§ Provided material
******************************

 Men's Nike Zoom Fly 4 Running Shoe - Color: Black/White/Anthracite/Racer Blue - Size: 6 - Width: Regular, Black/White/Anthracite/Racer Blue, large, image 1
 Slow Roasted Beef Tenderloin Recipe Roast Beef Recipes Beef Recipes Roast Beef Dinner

******************************

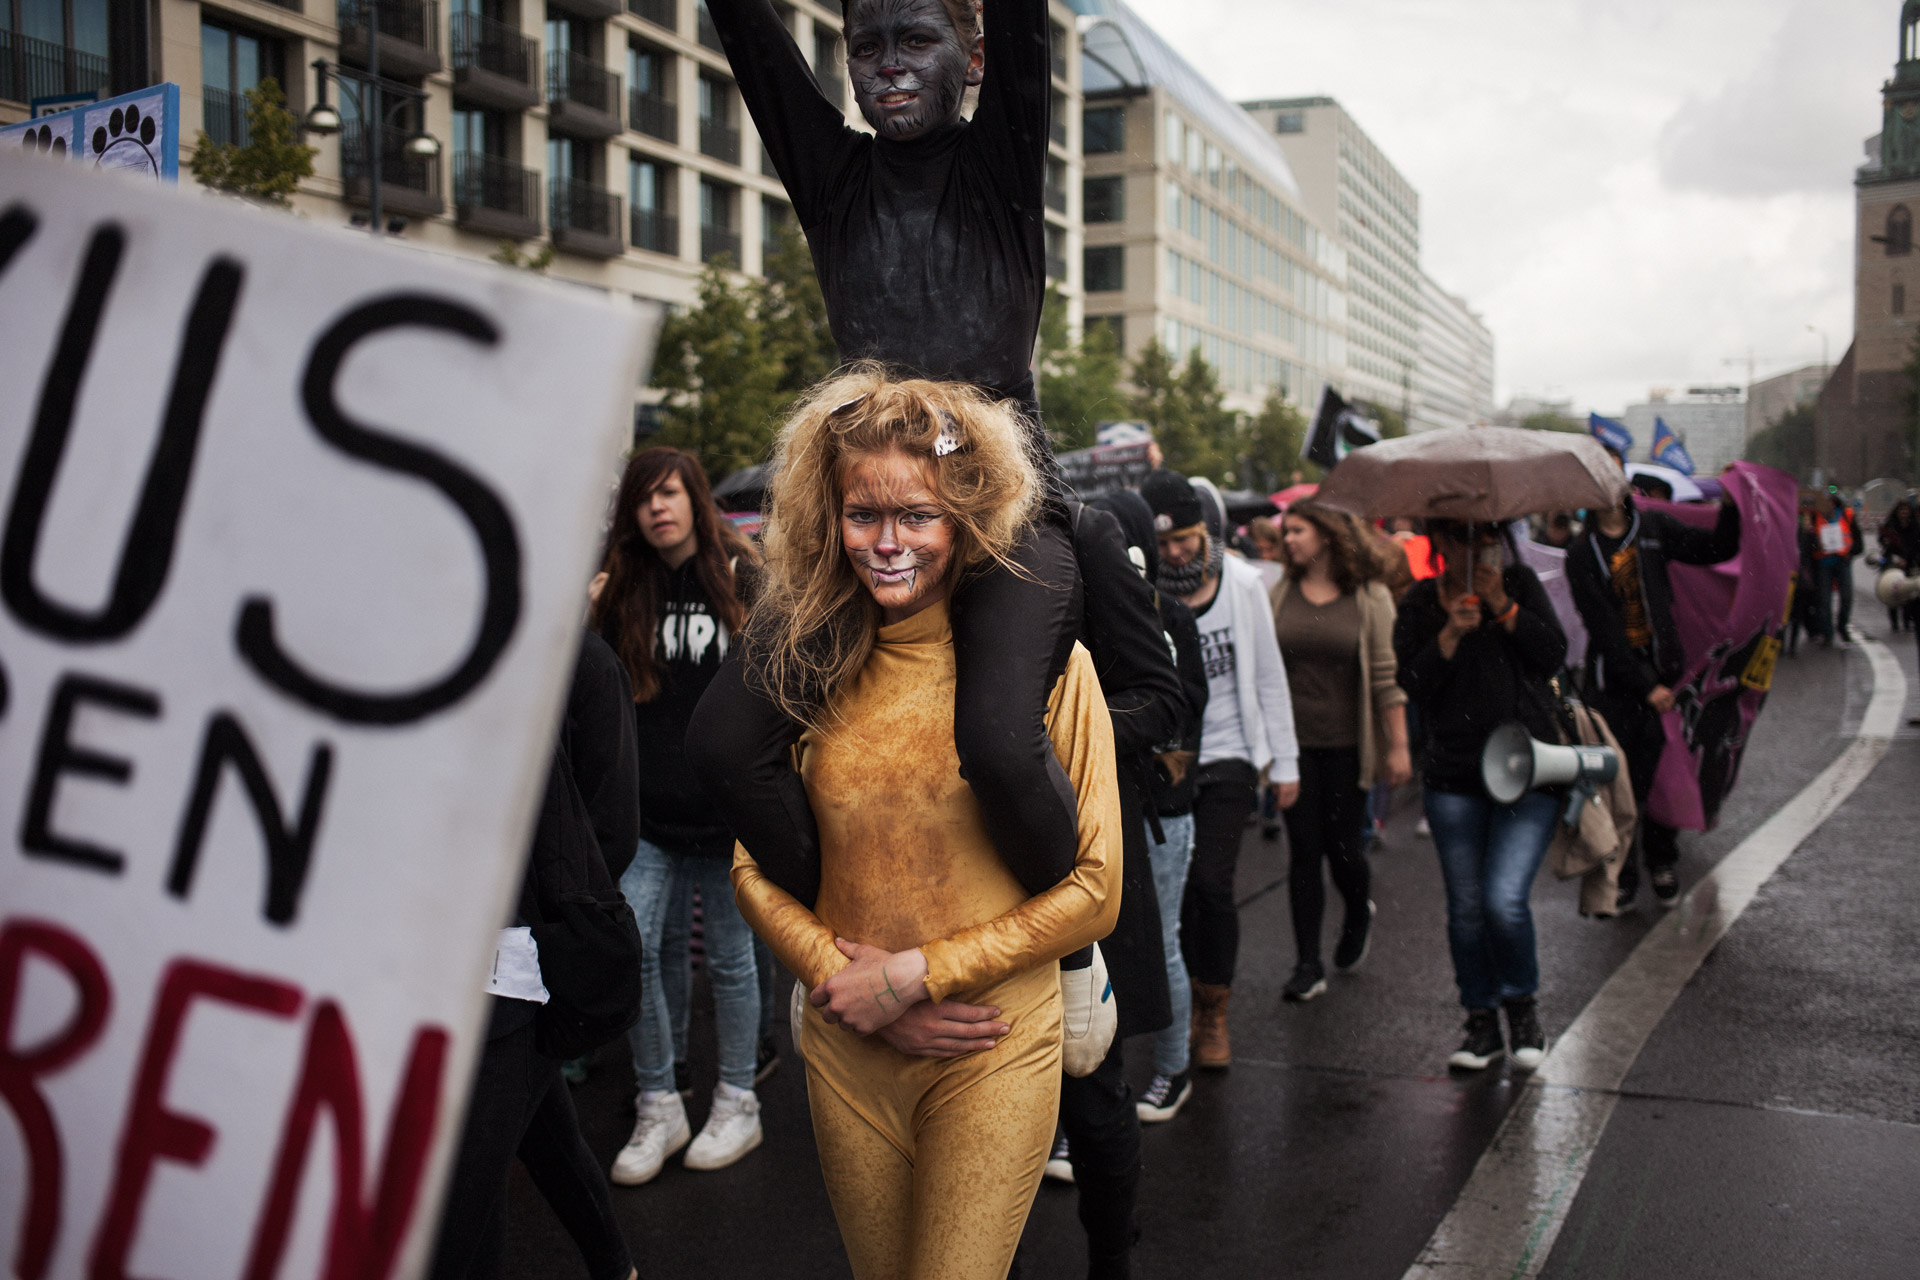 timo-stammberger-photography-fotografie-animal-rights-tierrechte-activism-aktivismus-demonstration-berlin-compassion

******************************

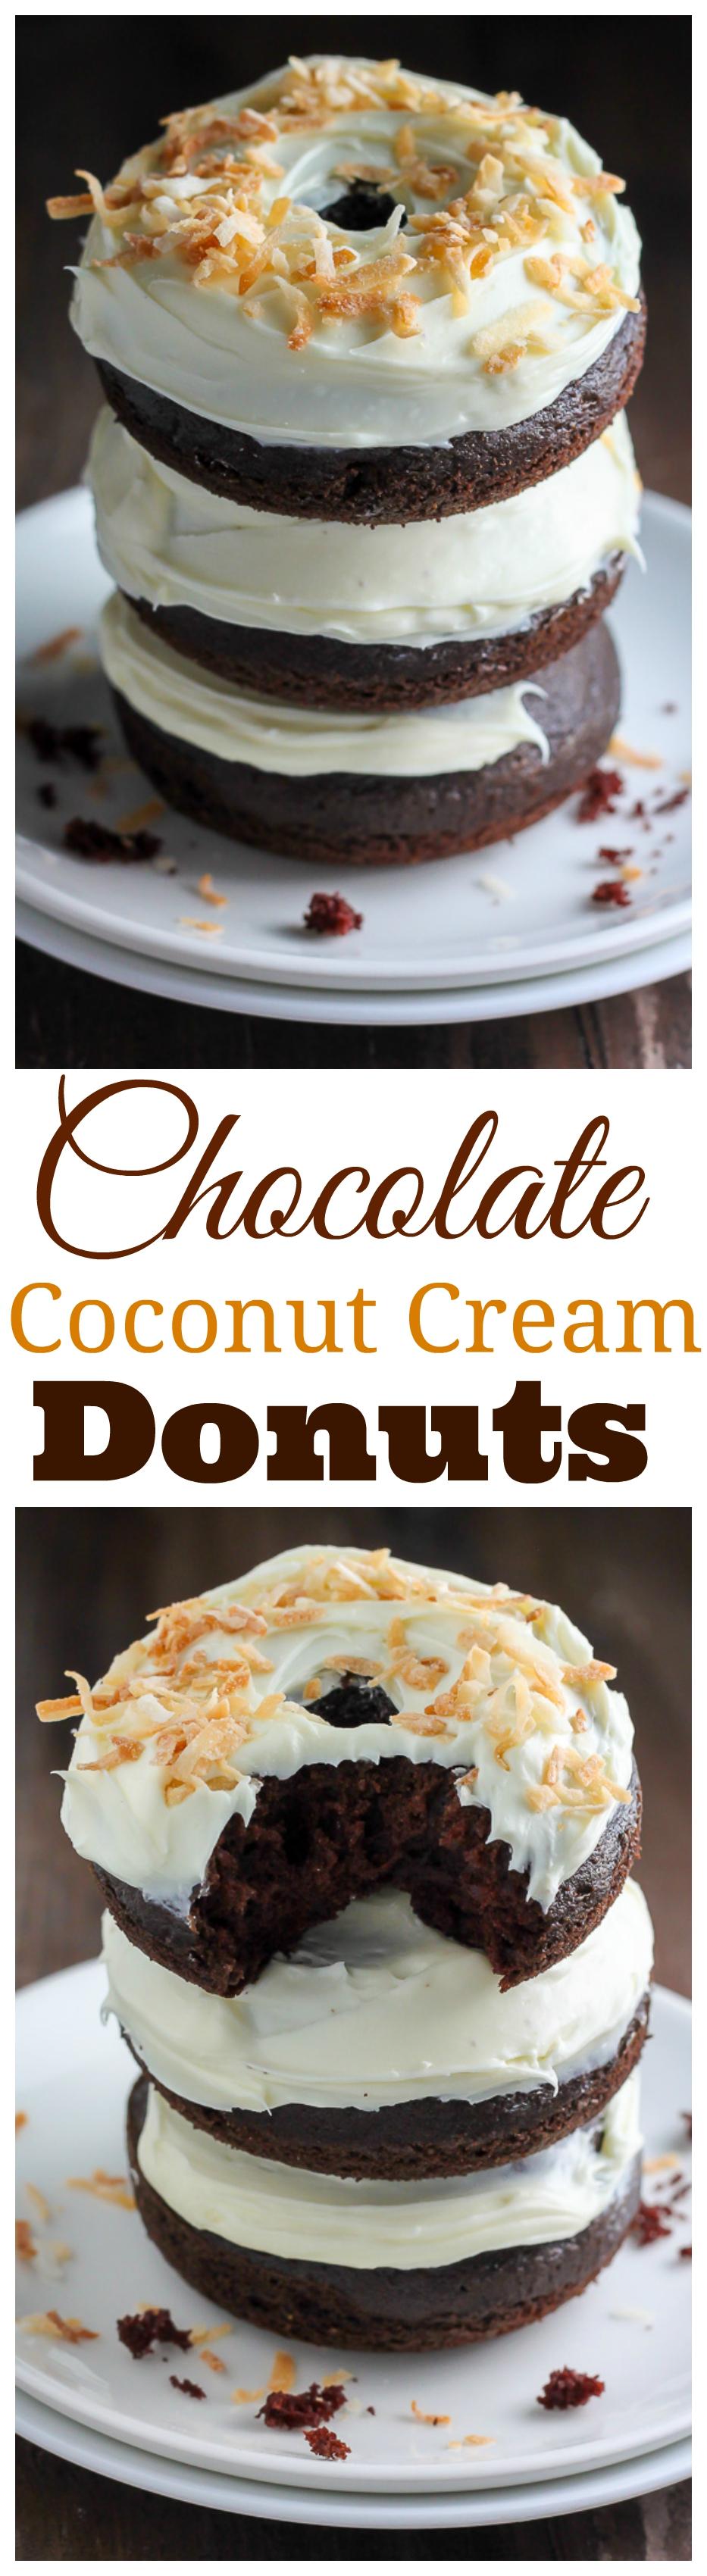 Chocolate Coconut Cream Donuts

******************************

§ Work order
Proceeding from the line containing "Men's Nike Zoom" through the line containing "Slow Roasted Beef", transcribe the lines above exactly, both end lines included.

§ Solution for this task
 Men's Nike Zoom Fly 4 Running Shoe - Color: Black/White/Anthracite/Racer Blue - Size: 6 - Width: Regular, Black/White/Anthracite/Racer Blue, large, image 1
 Slow Roasted Beef Tenderloin Recipe Roast Beef Recipes Beef Recipes Roast Beef Dinner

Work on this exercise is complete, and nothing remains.